Contrary to the insistence of my detractors, I do not just sit around and wait for my kids or pets to do something funny. There are times I have to completely fabricate the funny. Other times, I scour the local and national news for items worth riffing on. On rare occasions, stories drop in my lap and the jokes all but write themselves. Jesus’ marriage is one of those stories.



For those who haven’t been paying attention, the media latched on to a story last week about a piece of a fourth century Coptic text that suggests Jesus may have been married. What it allegedly offers (and I say alleged because I, unlike the rest of the world press, apparently, cannot read fourth century Coptic) is a fragment of text that read, “Jesus said to them, my wife.” That was enough to launch a worldwide debate over Jesus’ marital status, his very divinity and, more relevant to my situation, a gazillion bad jokes that I did not get to tell.



As rich as the married messiah story is, it could not have come out at a worse time, at least for me. I typically write this column on Wednesdays and had just put the finishing touches on last week’s version and hit the send button when I saw the story pop up on my news wire feed. The minute I read it I knew it was comedy gold. The snippet of text — “my wife,” lent itself to a plethora of possible jokes. I quickly pounded out a quick one-liner for Facebook (“My wife … take her, please. Apparently the Borscht Belt goes through Nazareth”) and put it in the file for my next column.



Then it happened, the same thing that happens whenever a good stories shows up after deadline. Every other writer, professional and otherwise, jumped on the jokes. Letterman, Leno, other columnists and a few million Twitter tweeters started riffing and by the time they were done, every drop of funny had been drained. They did jokes on what the unfinished snippet could have meant. They cracked on Dan Brown books. Most of all, they told jokes about how Jesus’ life would be changed by marriage.

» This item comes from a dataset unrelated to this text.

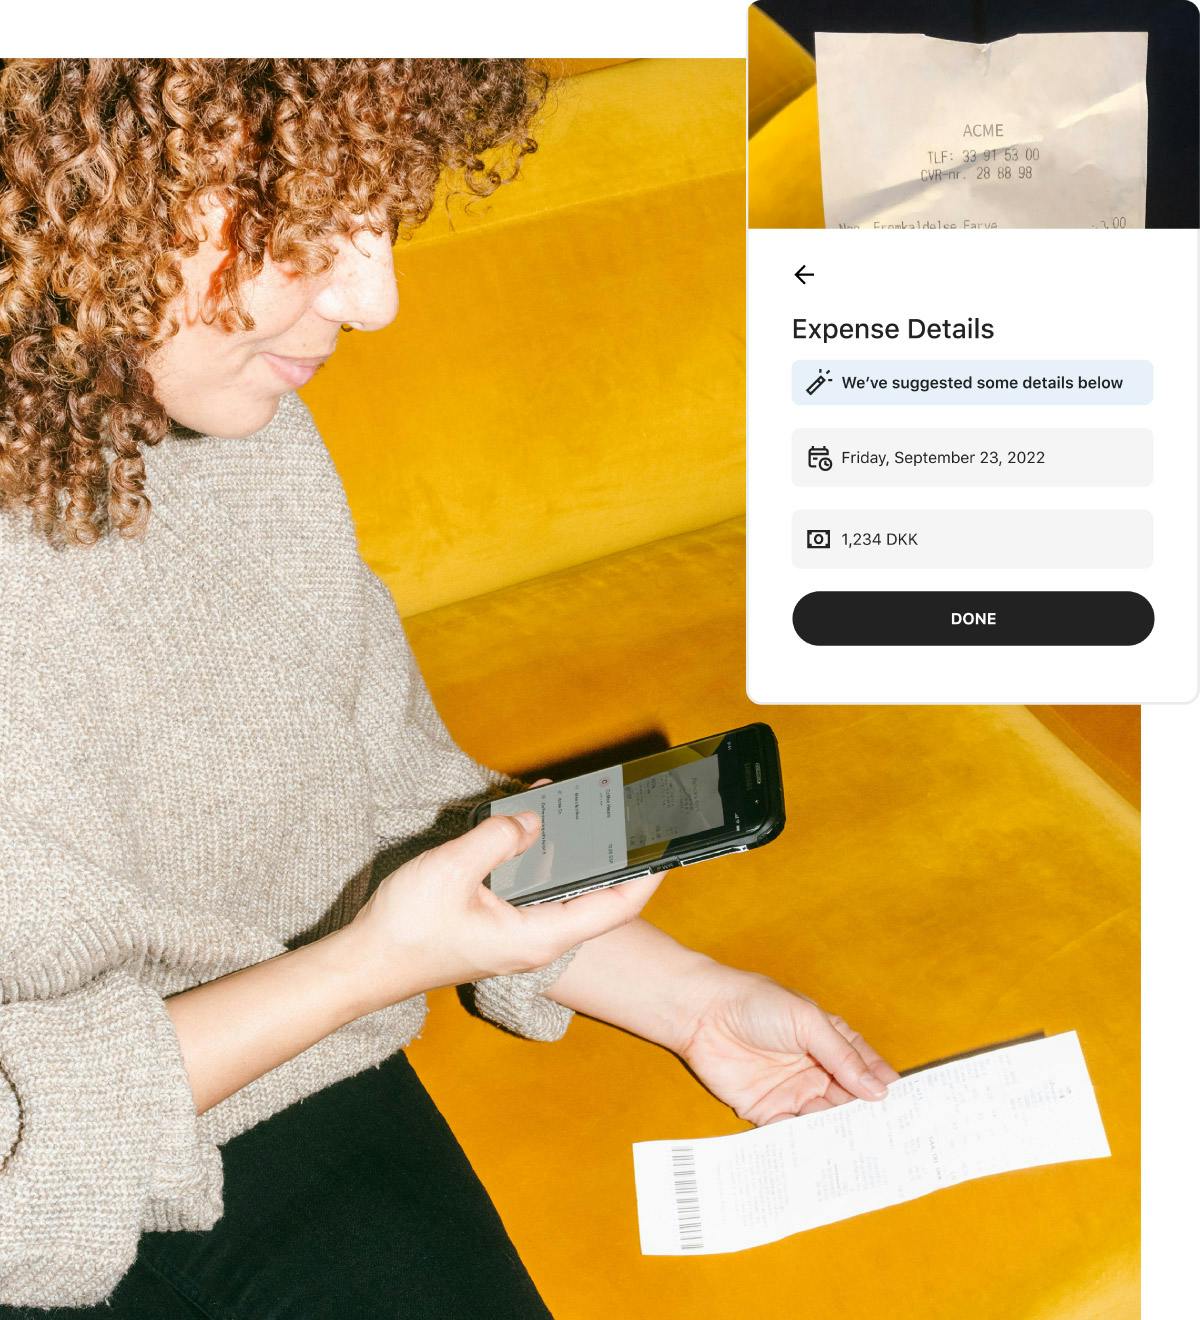 Picture of a person scanning an expense receipt with Pleo app

“He can forget that beard and the robe. From now on it is cleanshaven and a polo shirt,” noted Stephen Colbert, almost a week before I could get a word in print.



I can tell you now that I had a whole notebook of jokes written for today’s column, puns and one-liners that would have had you snorting the morning java out your nose and all over the Readers Response section. I had crafted an entire set piece — taken from my own life, I’ll add — on the Magdalene tossing out Jesus’ favorite sandals because they had a hole in the soul and the resulting “Miracle of the blessed Duct Tape.” Seriously funny stuff.

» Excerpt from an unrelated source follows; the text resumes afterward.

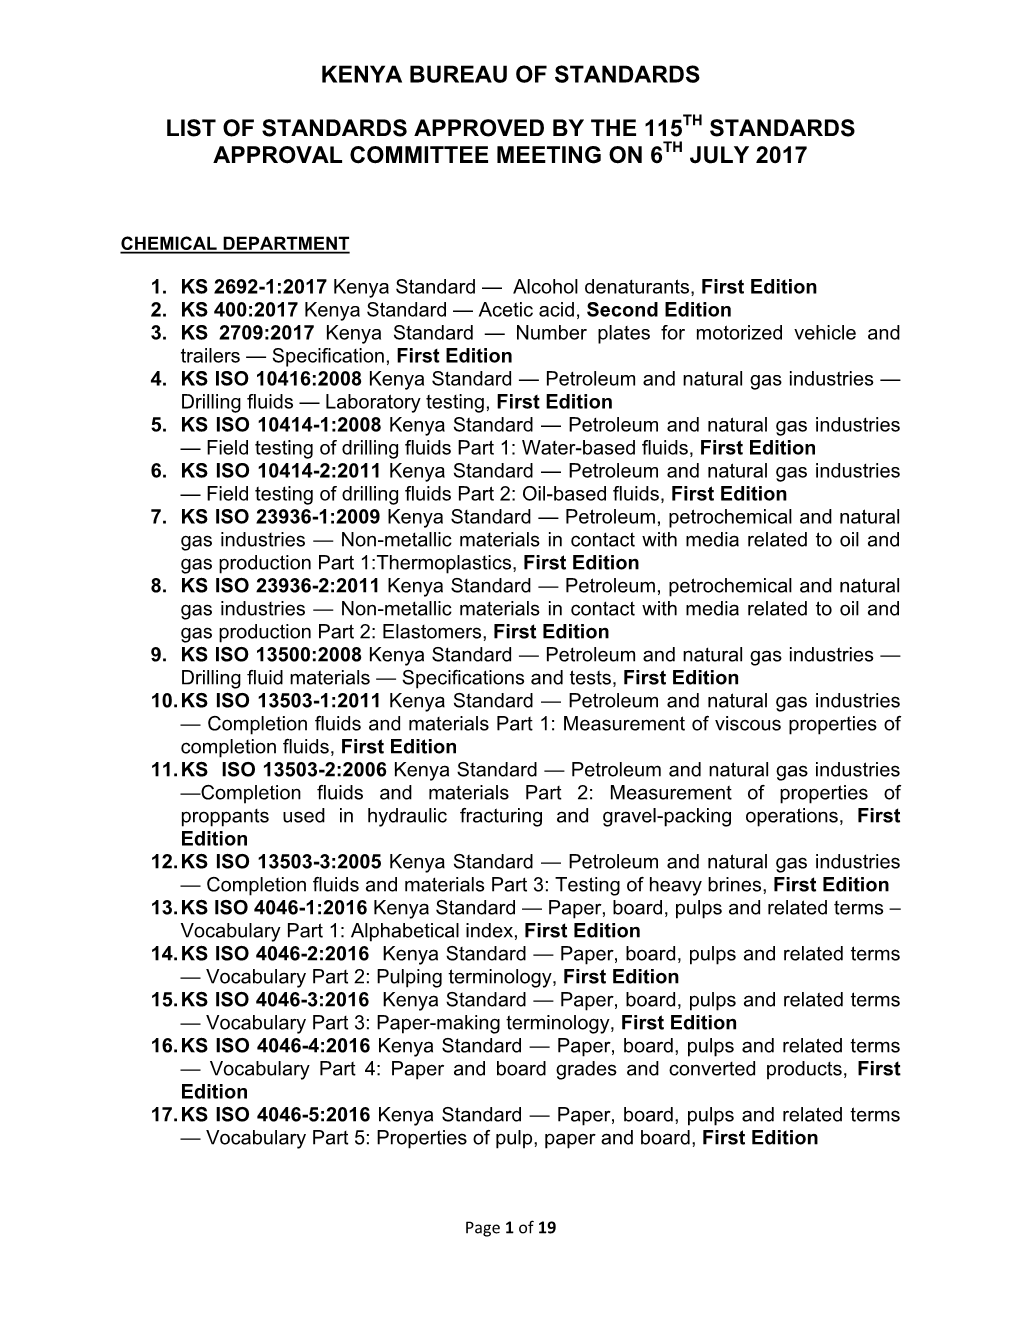 Approved List of Stds SAC July 2017

But none of it works now, because the jokes are already out there. Even if I did come up with something I haven’t already seen on “The Daily Show,” there’s a good chance someone would find something close enough to it to call me a plagiarist. I can put up with being called not funny. It’s hardly the first time. But I can’t put up with being called a thief. Particularly a joke thief.



So that leaves me with one point left to make. This one’s not at all funny and it’s been made before, but it bears repeating.



As disappointed as I am that all the good married messiah jokes have been taken, I am immensely proud of the fact that we live in a society in which we can make those jokes — ad nauseam — without fear of violence or retribution. I feel equally blessed to count myself among the adherents to a faith that follows the teaching of one who is perceived as both divine and so wholly human we can crack wise about him without facing certain hellfire. We are not alone in this, either as a nation or a faith, but we know all too well that there are other countries and followers of other faiths that would implode over similar quips. And it doesn’t make me a jingoist to say our tolerance and humor makes us better than them.



Not funny, but worth saying. Of course, I wouldn’t have had to say it if I could have written this column last Friday.